In diving, on the other hand, we fortunately don’t have to deal with such extreme times. For us, periods of minutes to hours are decisive. So back to our diagram: if you follow the curve further, you can see that after another half-life, 75% of complete saturation has been reached. Sure – the tissue halved the remaining pressure difference just as quickly as the first time.

After 6 half-lives we arrive at over 98%, for our purposes we can then assume complete saturation.

 

Pressure equalization and tissue saturation

Desaturation

Simply explained: Diagram

Desaturation takes place accordingly. When the pressure on the gas side decreases, gases escape from the liquid again. This also happens very quickly at the beginning, then more slowly – but this process has a few special pitfalls, as we will see further on.

Since it is more than complicated to have all model tissues (compartments) in view at once, we will first take a look at the saturation and desaturation of a single model tissue. Helpful for this is this basic graph, where the ambient pressure is plotted on the X-axis, and the inert gas pressure in the model fabric is plotted on the Y-axis. If the ambient pressure is higher than the gas pressure in the model tissue, the model tissue saturates up – if the ambient pressure is lower, it desaturates. The dashed middle line shows the moment when the pressure equalization has completely taken place.

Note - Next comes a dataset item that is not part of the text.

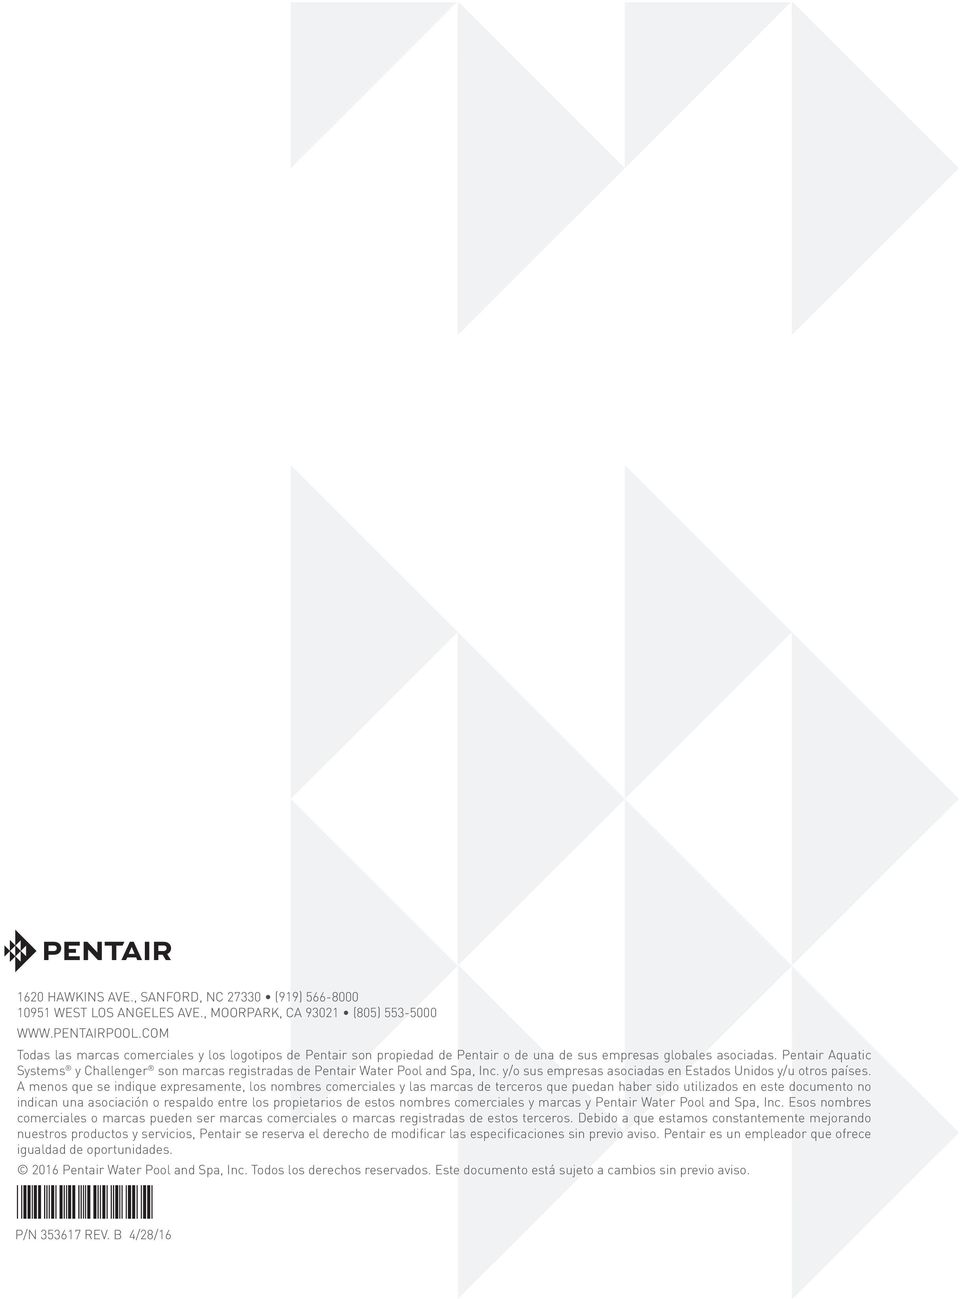 Pentair Aquatic Systems y Challenger son marcas registradas de Pentair Water Pool and Spa, Inc. y/o sus empresas asociadas en Estados Unidos y/u otros países.

We spend a dive at a certain depth, saturate a model tissue to a certain point – and then, of course, want to end the dive. In doing so, we will inevitably have tissue saturation above ambient pressure at some point during the ascent. Of course, only then can you desaturate.

The relevant question, in fact the only really important question, is now: how far can you reduce the ambient pressure without the nitrogen (or any other inert gas in mixed gas diving) causing problems in the body? This is exactly what the important topic of M-values is all about.

Saturation in general
Desaturation - up to where?

M values

The limits of oversaturation

Unfortunately, gases do not always diffuse out of the body unimpeded, but can form bubbles if the pressure change is too abrupt, and if some unfavorable factors combine. A certain amount of these bubbles is usually tolerated by humans. However, many and large bubbles in the body can also cause a variety of problems, precisely that decompression sickness (DCS).

It is impossible to predict exactly when this will happen. But one can determine values at which the statistical risk of falling ill is low – very roughly summarized, this is exactly the way many decompression models have come about. Statistically determined risks are used to set limits up to which the risk is considered to be “acceptable.” Acceptable is a level of risk accepted by the diver:s following the model, and where exactly that lies is a matter of agreement – risk is never zero, and the outcome for a specific person on a specific dive is unpredictable.

THIS risk is what is meant by the M-value: from here on, your risk of getting DCS with clear symptoms is higher than accepted by the modelers – and the risk grows more and more from here on.

Where exactly do these limits lie? How are they even known? And why is the search for limits like poking in the fog?

Thinking of the process of surfacing in our diagram, we have in the left triangle the area that we have to dive through as we ascend: As the ambient pressure drops, at some point the pressure in the tissue is above the ambient pressure

We are faced with the question of exactly how far we want to go with our current tissue saturation every time we ascent. The fact that overpressure inevitably occurs in various tissues cannot be avoided. The higher this overpressure, the greater the risk of DCS – at the same time, it is necessary if you want to surface.